*What the exercise asks:* Starting at the line that contains "Sunset on the", transcribe every remaining line of the data below exactly, and omit all pictures.

*Given material:*
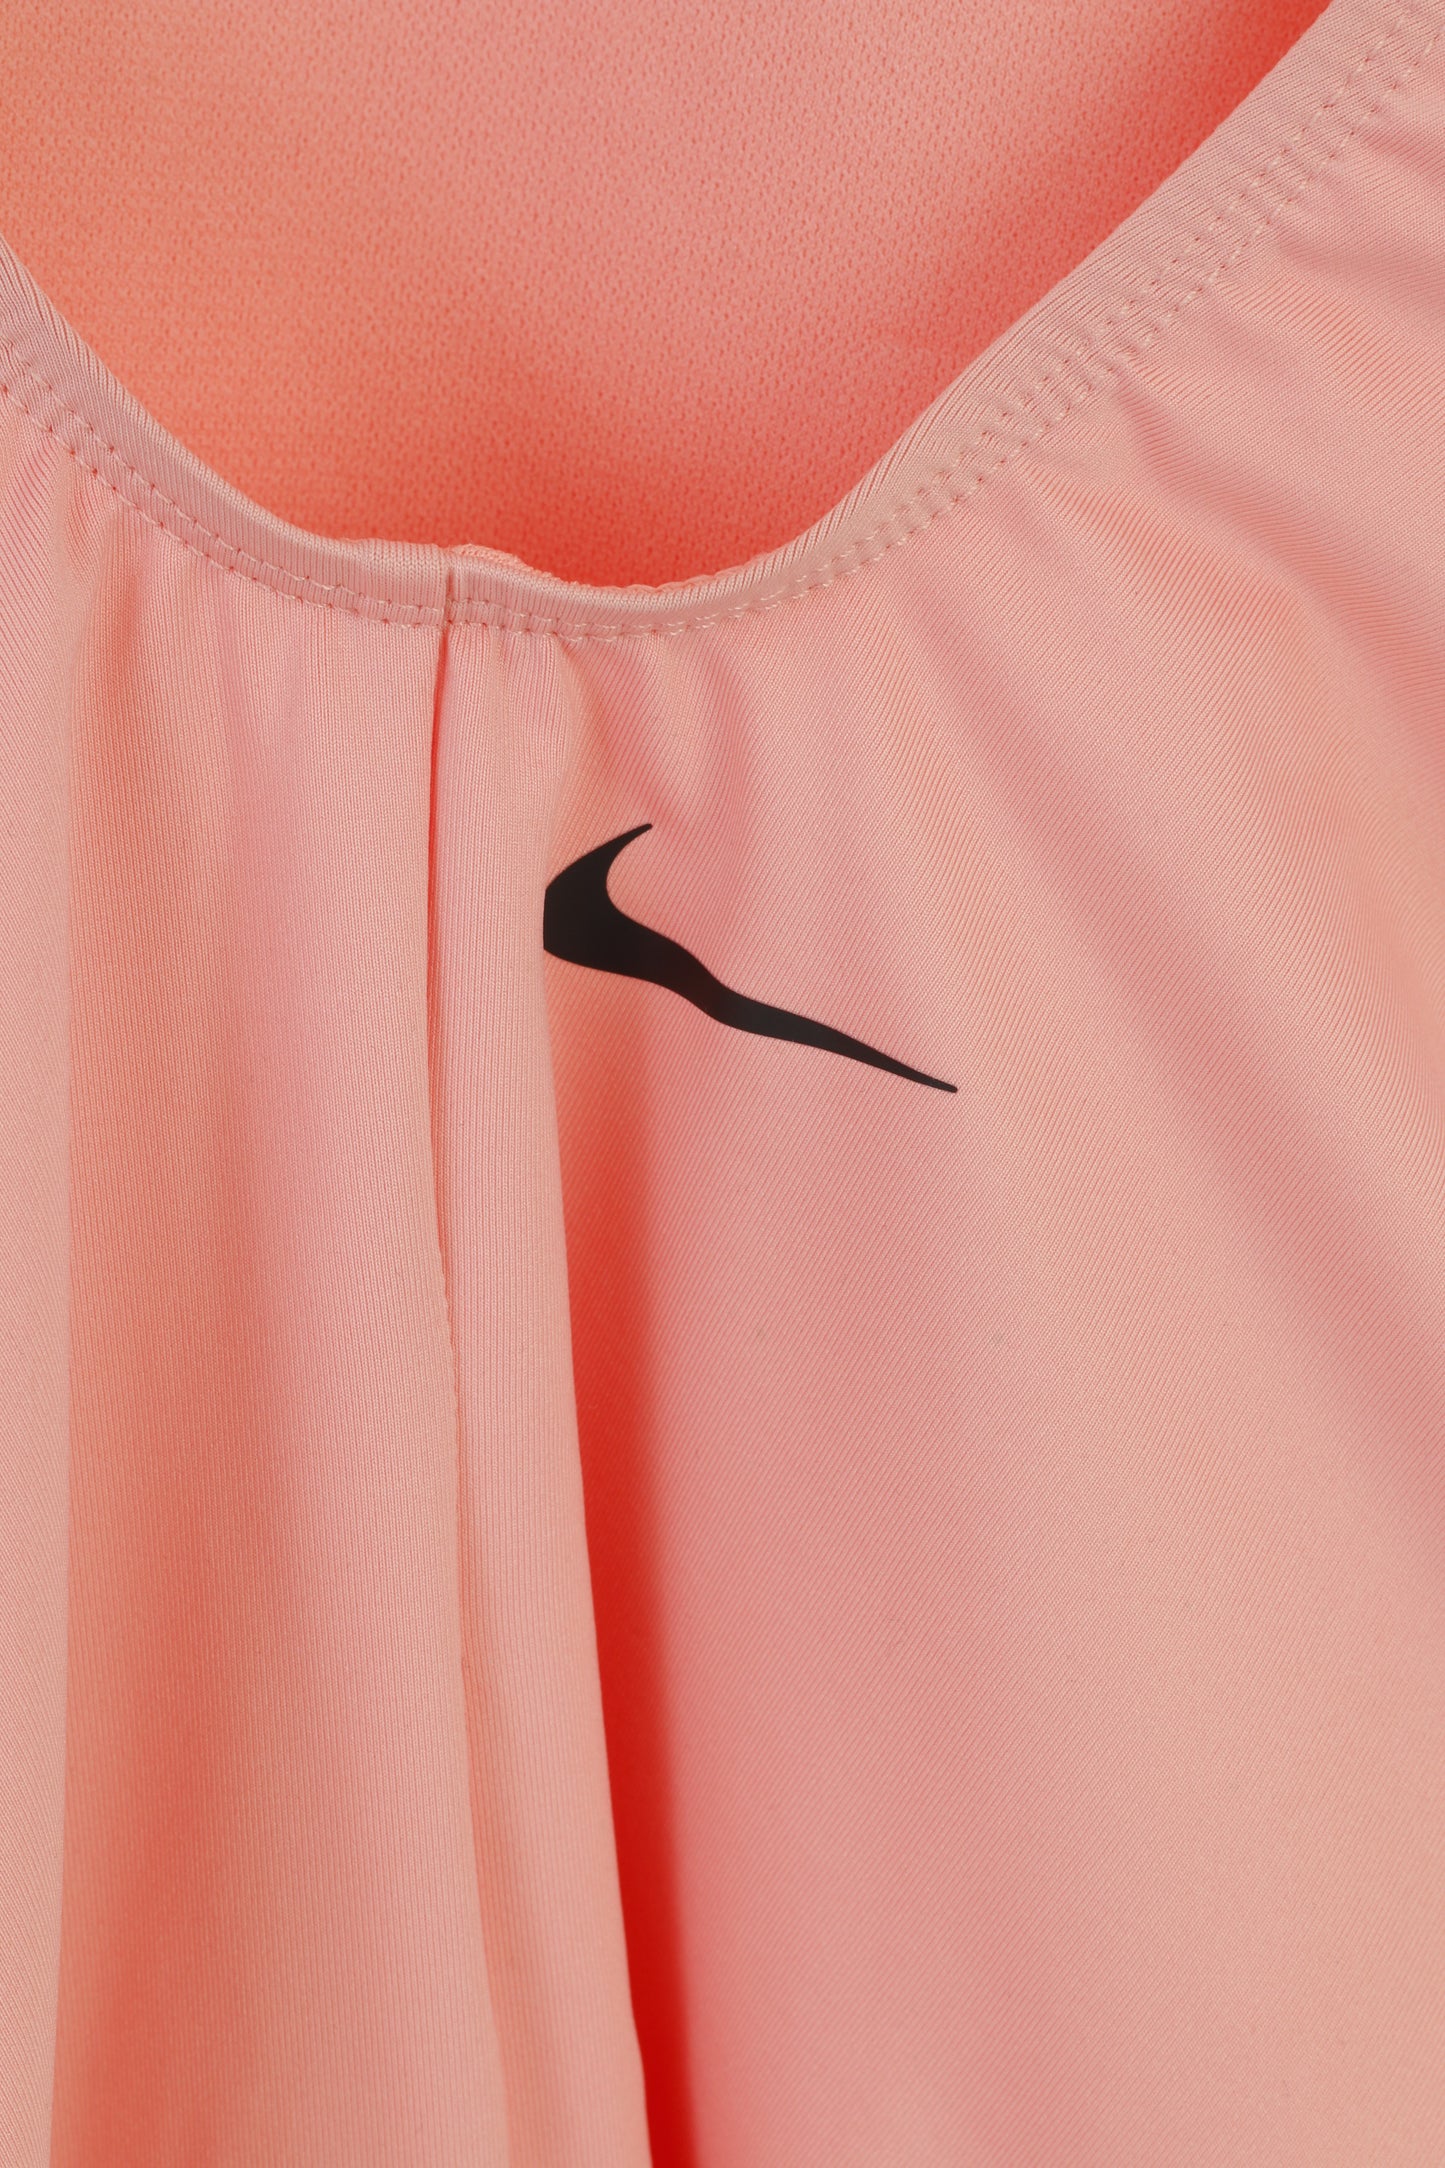 NEW Nike Woman L Swimsuits Pink Waterproof Elastic Sport Swimming Sleevelees One Piece Top
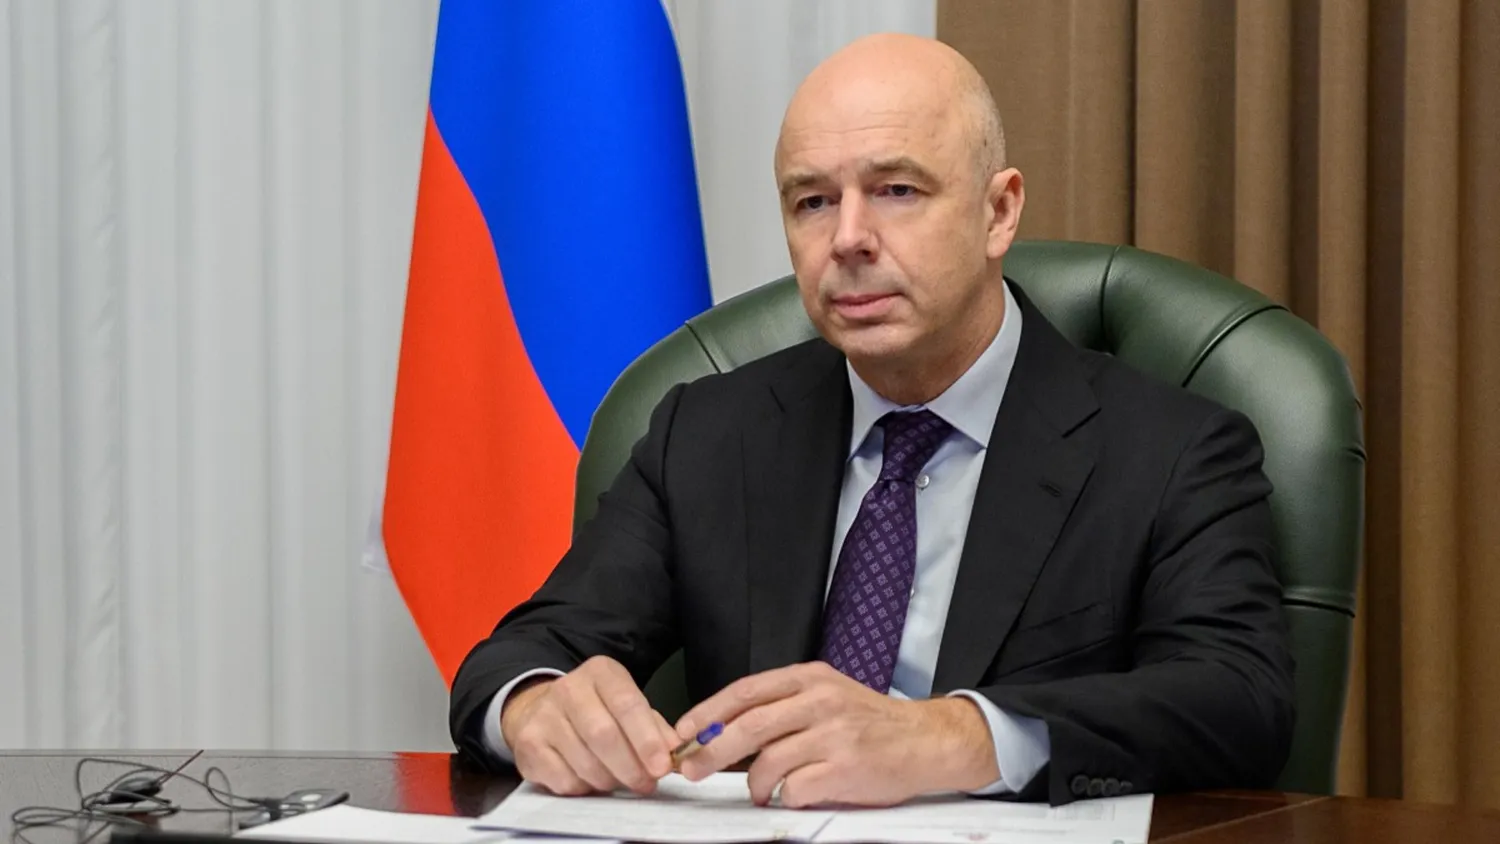 Цифровые рубли налево не уйдут, заявил министр финансов Антон Силуанов
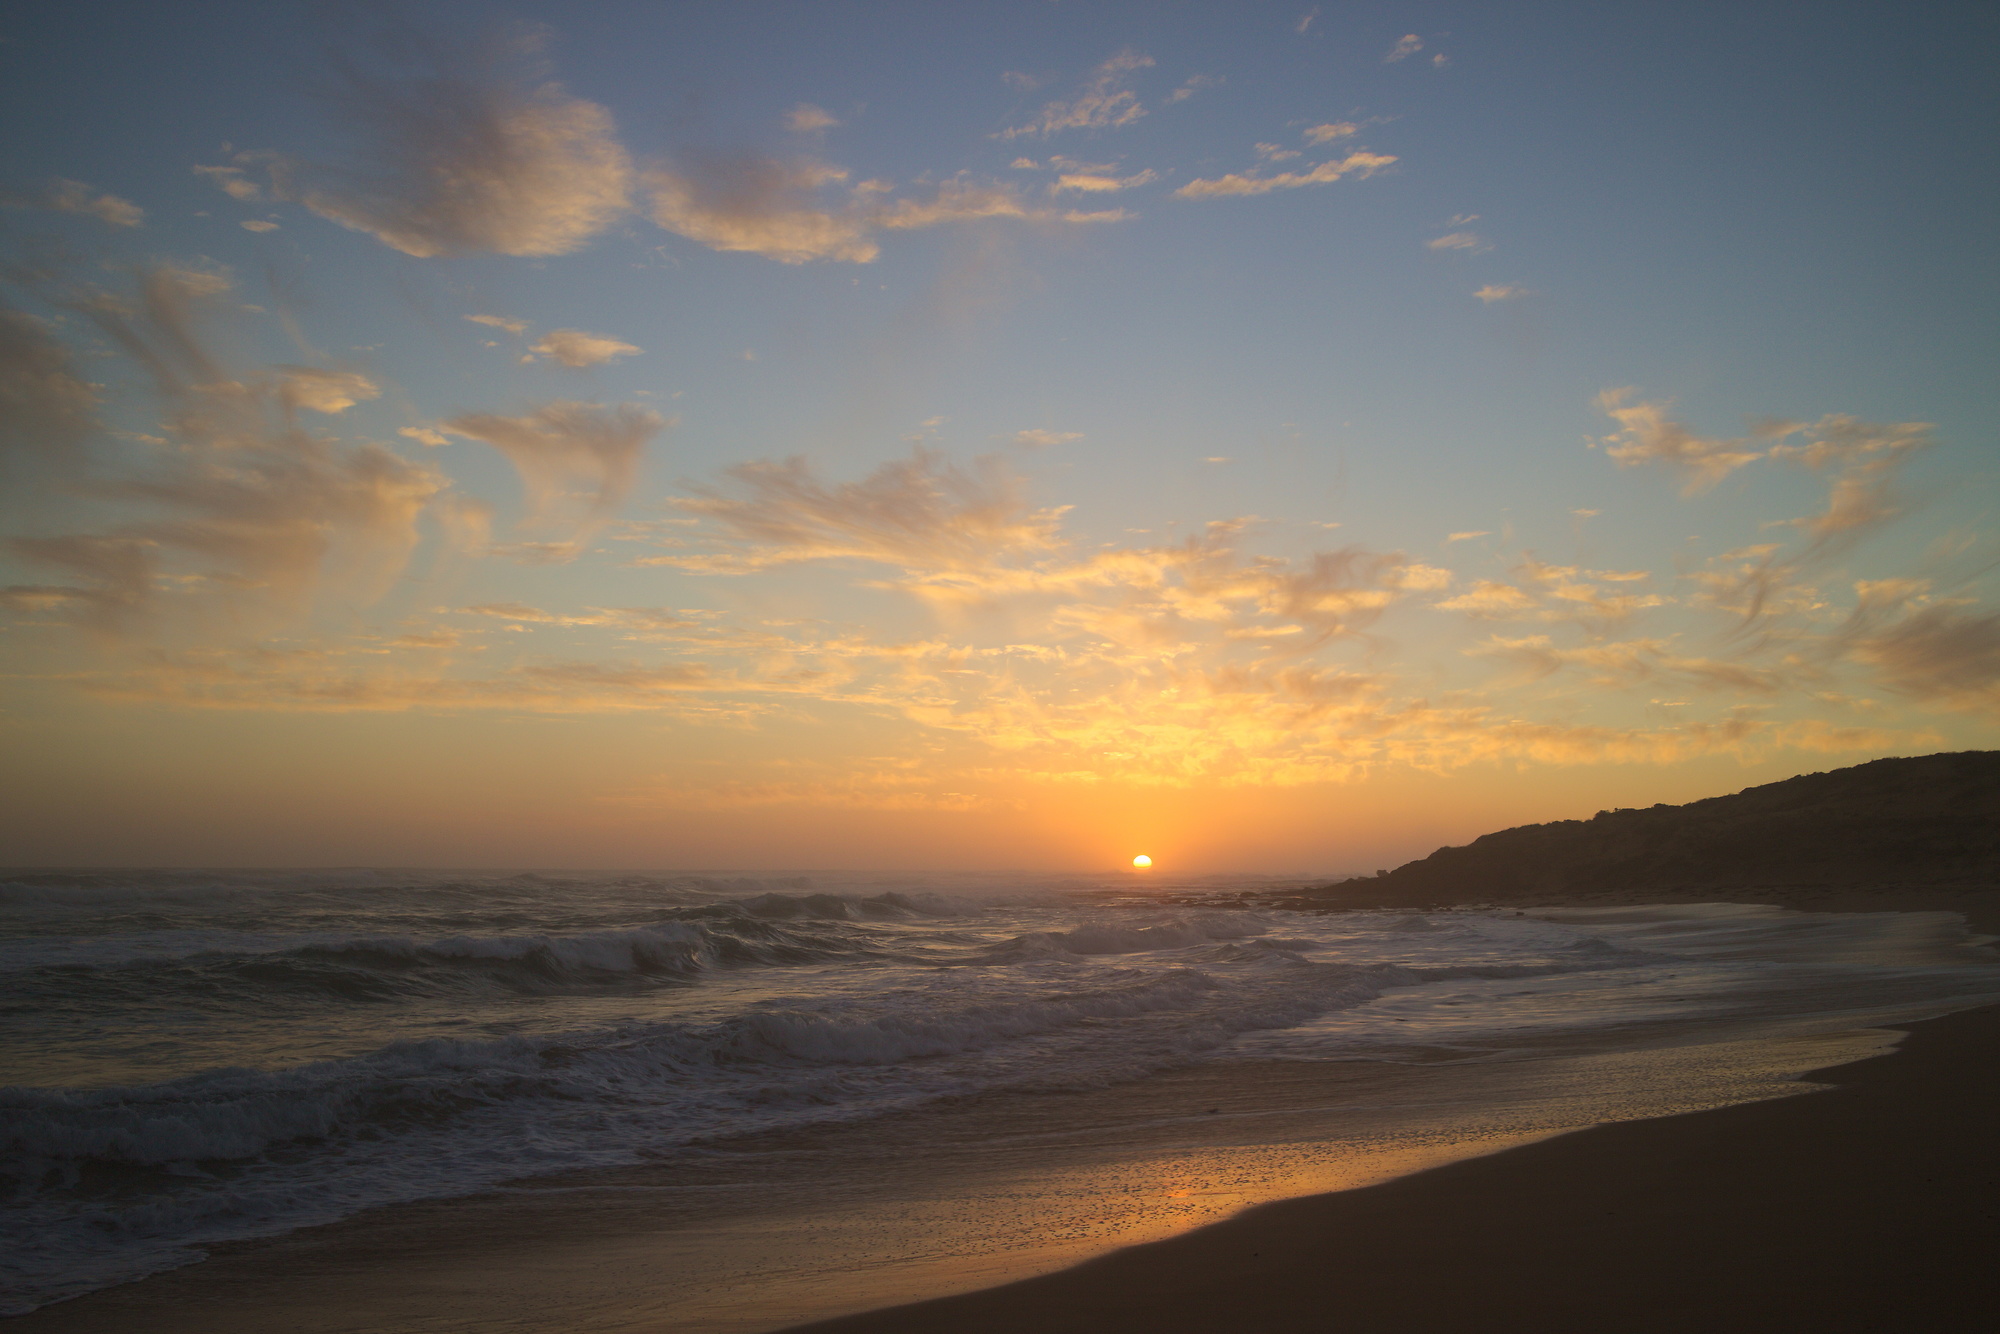 Sunset on the beach at Merri Marine Sanctuary, Warrnambool

#victoria #australia

*Answer section:*
 Sunset on the beach at Merri Marine Sanctuary, Warrnambool

#victoria #australia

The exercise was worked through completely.